■ TASK ITEM: All pictures are to be omitted while the lines starting at the line with "Joe Frazier, Holt" and ending at the line with "PVC Electrical Cable" in the material below are retyped exactly, both ends included.

■ TASK DATA:
━━━
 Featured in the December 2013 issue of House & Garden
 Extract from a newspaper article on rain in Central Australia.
━━━
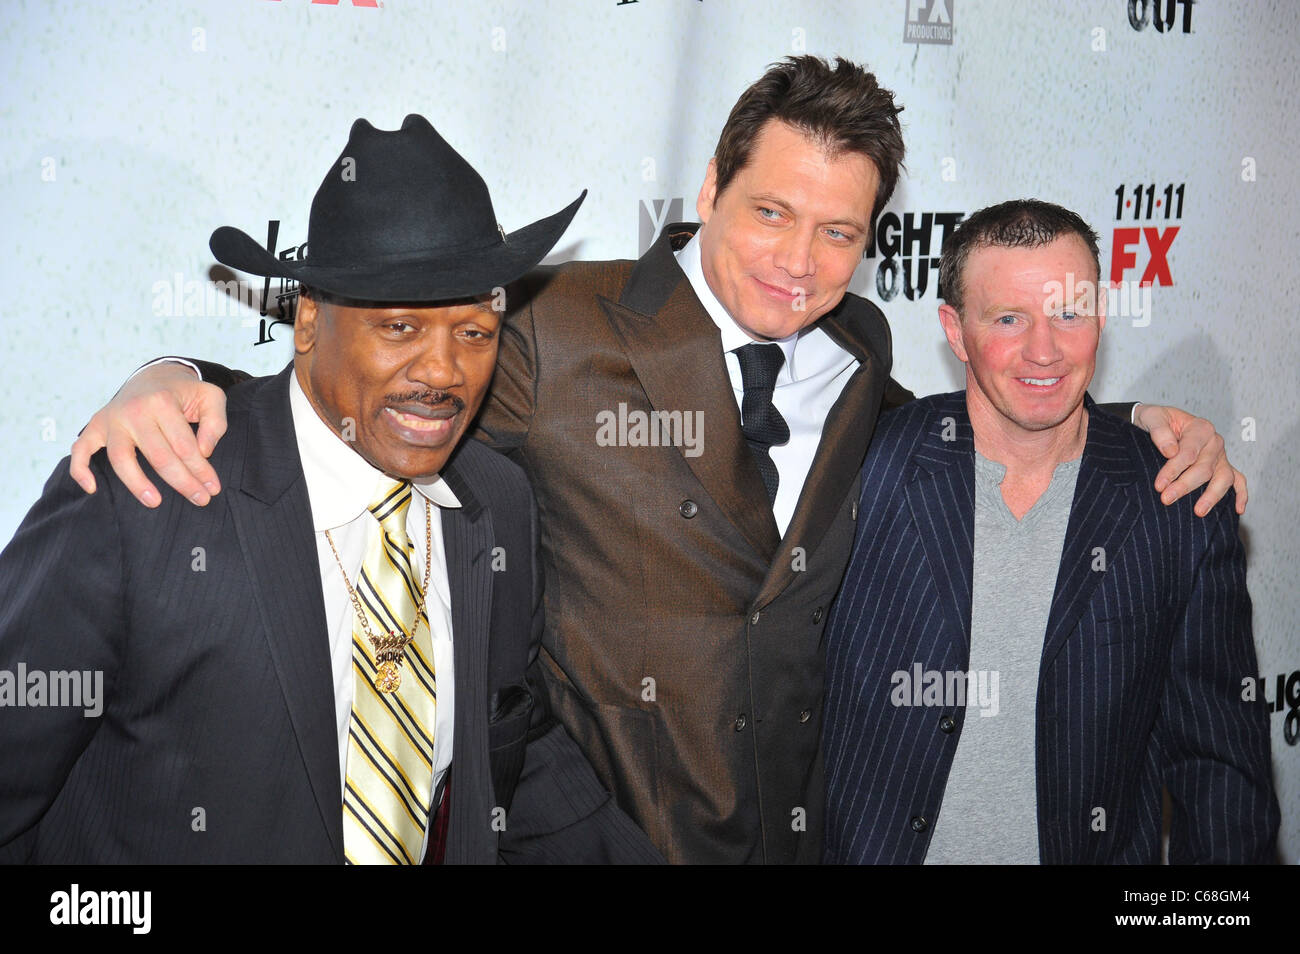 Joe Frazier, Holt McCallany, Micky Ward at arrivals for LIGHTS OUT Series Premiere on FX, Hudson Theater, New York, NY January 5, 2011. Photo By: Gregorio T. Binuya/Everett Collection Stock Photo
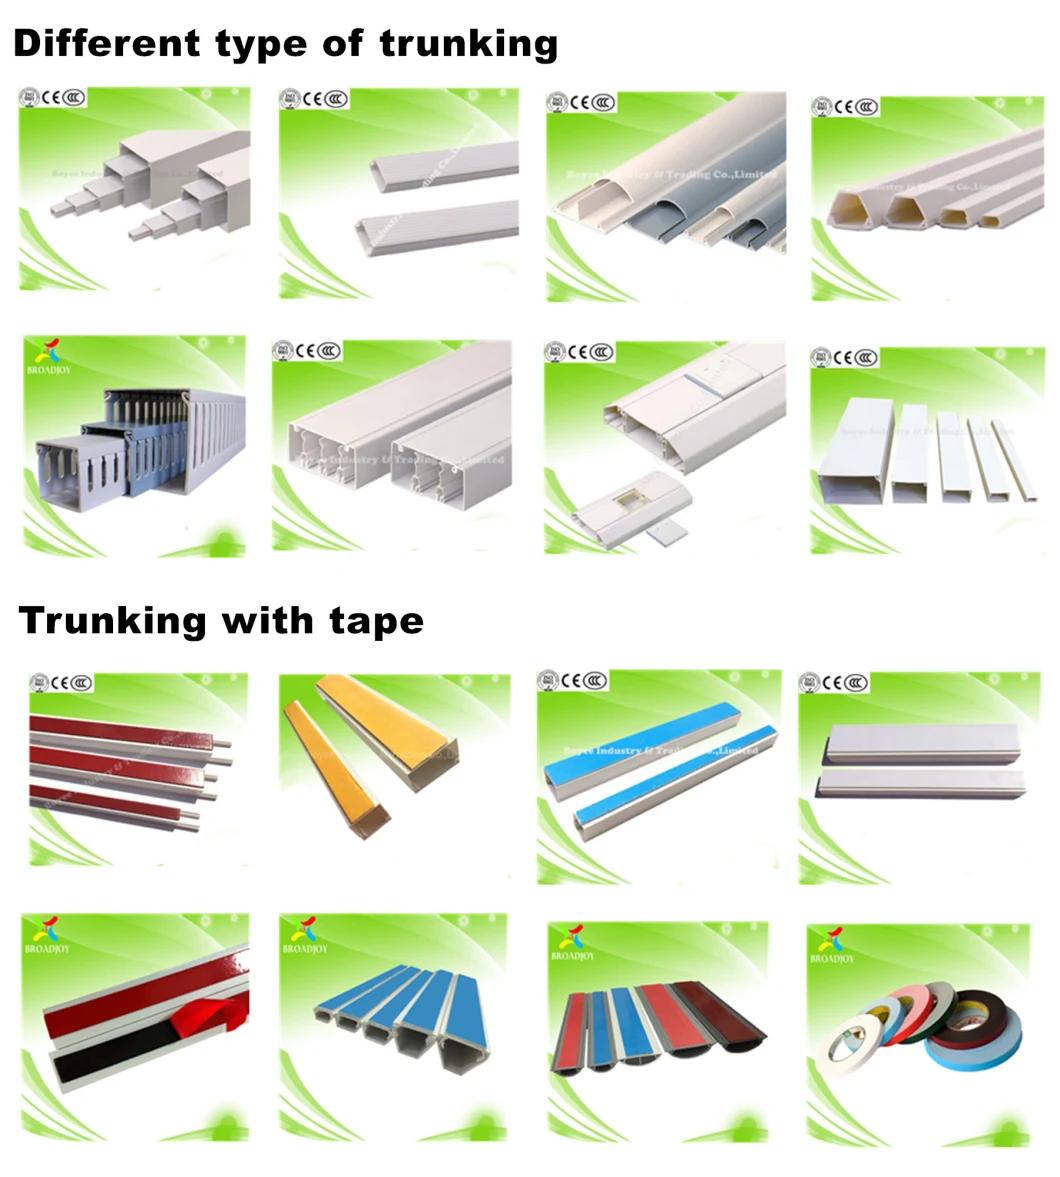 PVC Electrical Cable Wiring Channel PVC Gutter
━━━
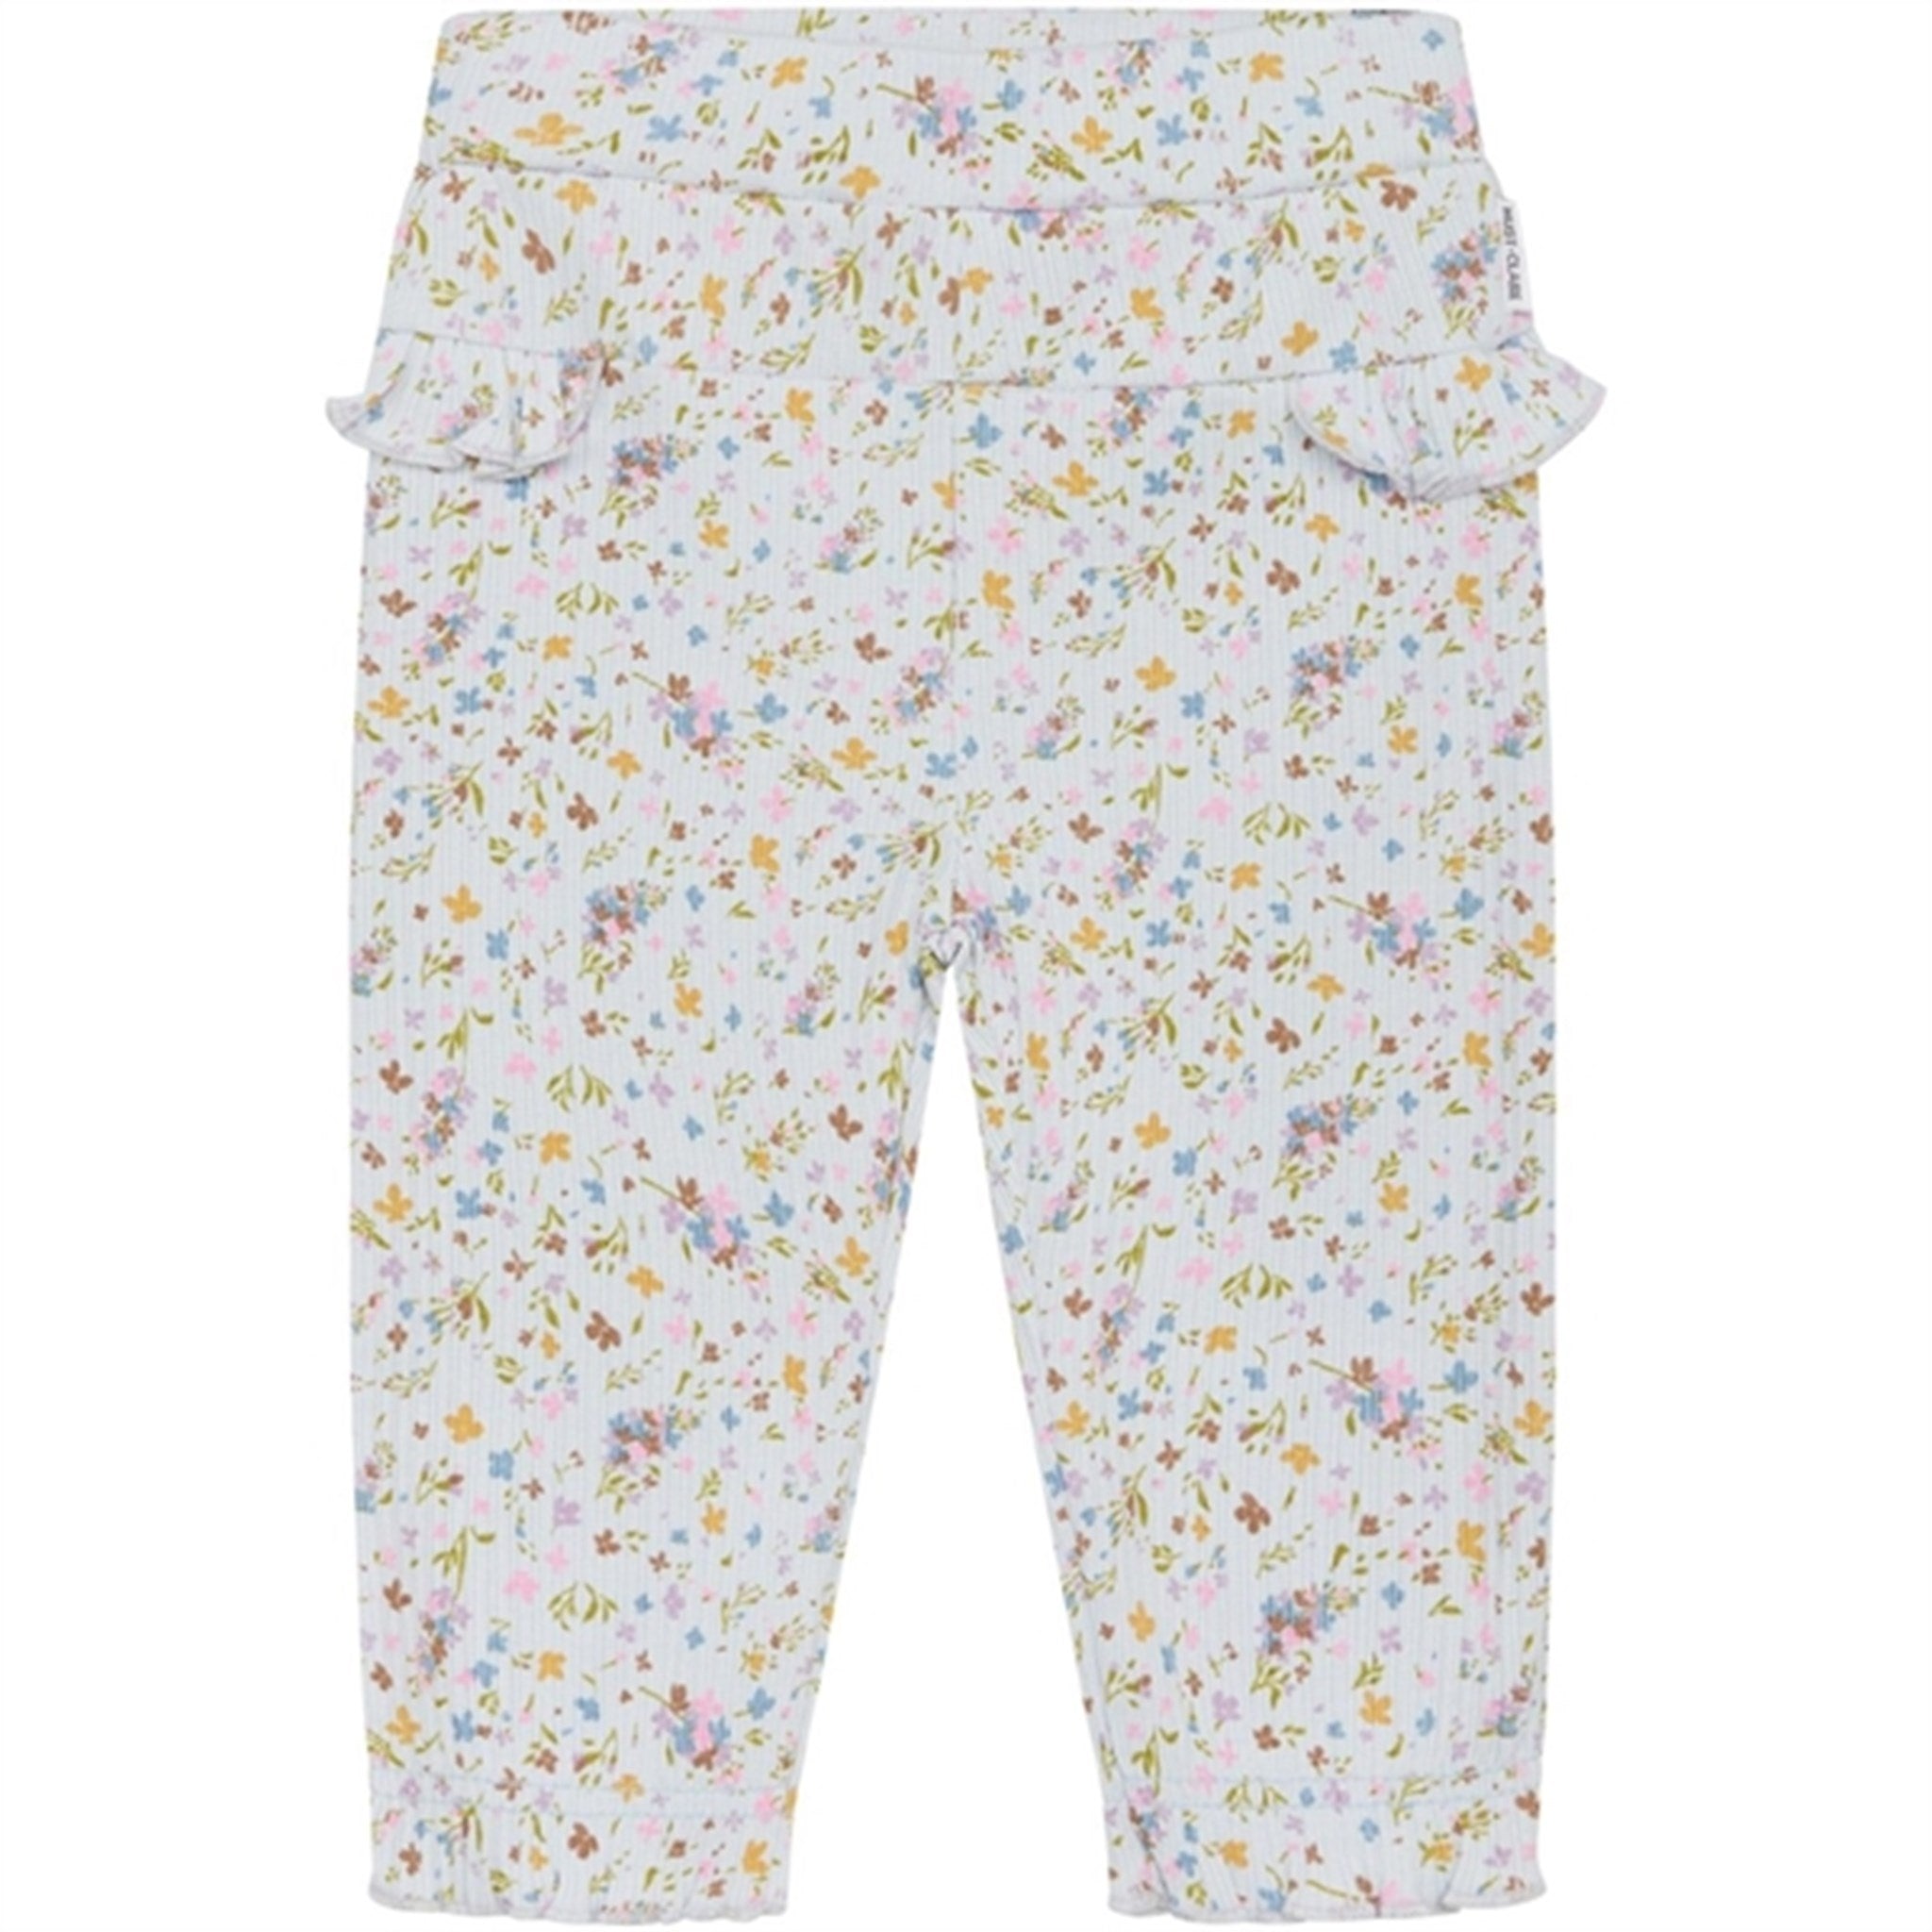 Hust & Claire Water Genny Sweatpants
━━━
■ SOLVED PROBLEM:
 Joe Frazier, Holt McCallany, Micky Ward at arrivals for LIGHTS OUT Series Premiere on FX, Hudson Theater, New York, NY January 5, 2011. Photo By: Gregorio T. Binuya/Everett Collection Stock Photo
 PVC Electrical Cable Wiring Channel PVC Gutter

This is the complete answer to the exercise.